For many purposes it is convenient to conceive categories and especially ∞-categories entirely in terms of their nerves: those simplicial sets that arise as certain nerves are usually characterized by certain properties. So one can turn this around and define an ∞-category as a simplicial set with certain properties. This is the strategy of a geometric definition of higher category.
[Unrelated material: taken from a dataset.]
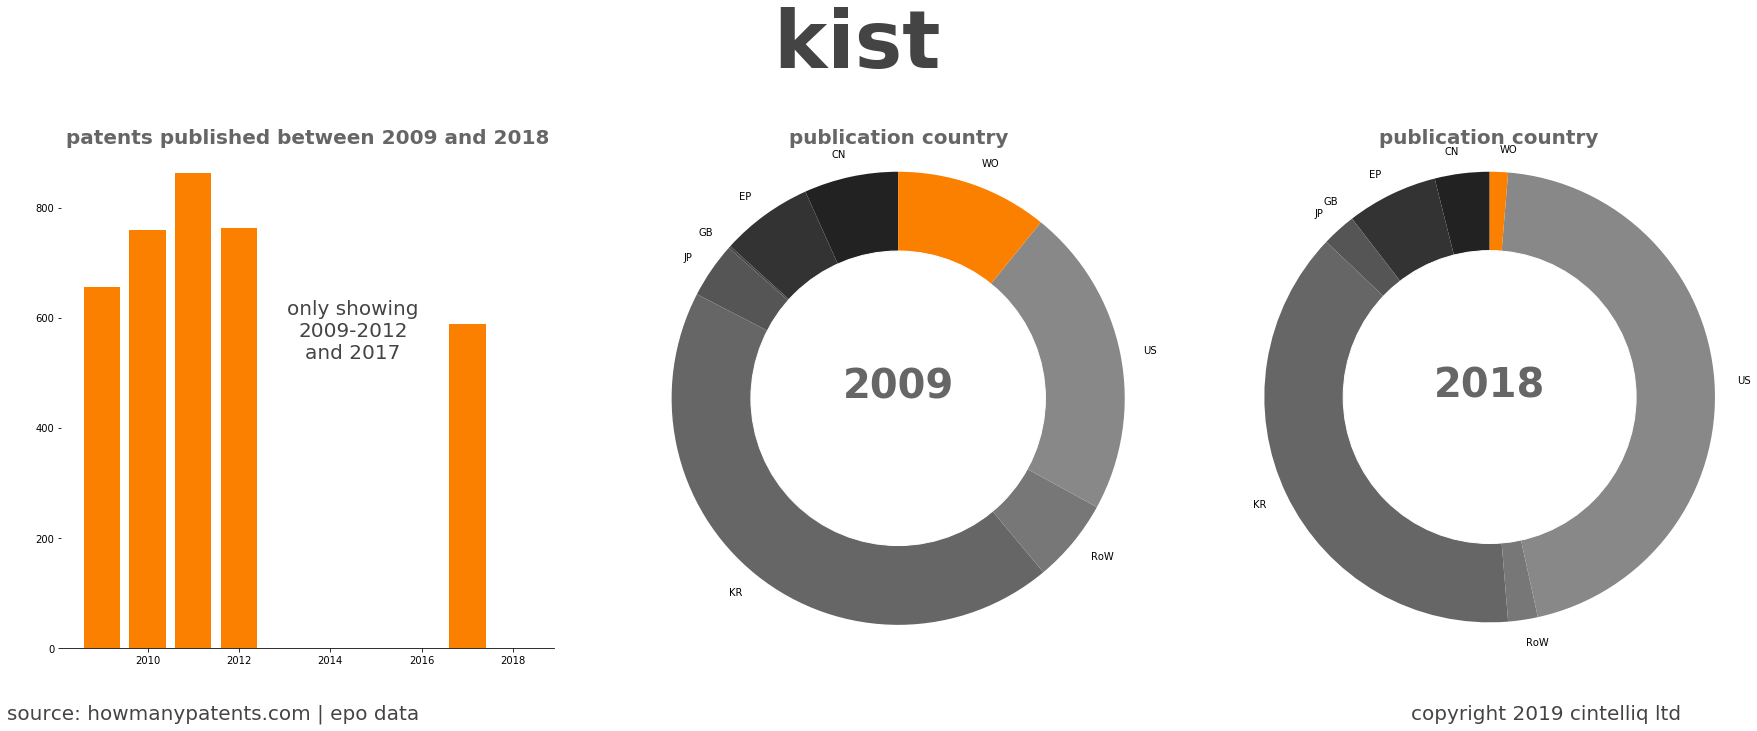 summary of patents for Kist

Examples for this are complicial sets, Kan complexes, quasi-categories, simplicial T-complexes,…

### Internal nerve

A variant of the nerve construction can also be applied internally within a category, to any internal category, see the discussion at internal category.

For an explanation of how the category $\Delta$ and the nerve construction arise canonically from the free category monad on the category of quivers, see:

### Historical note

The notion of the nerve of a category seems to be due to Grothendieck, which is in turn based on the nerve of a covering from 1926 work of Pavel Sergeevič Aleksandrov. One of the first papers to consider the properties of the nerve and to apply it to problems in algebraic topology was

• Graeme Segal, Classifying spaces and spectral sequences, Inst. Hautes Études Sci. Publ. Math. No. 34 (1968) 105-112.

Many of the later developments can already be seen there in ‘embryonic’ form.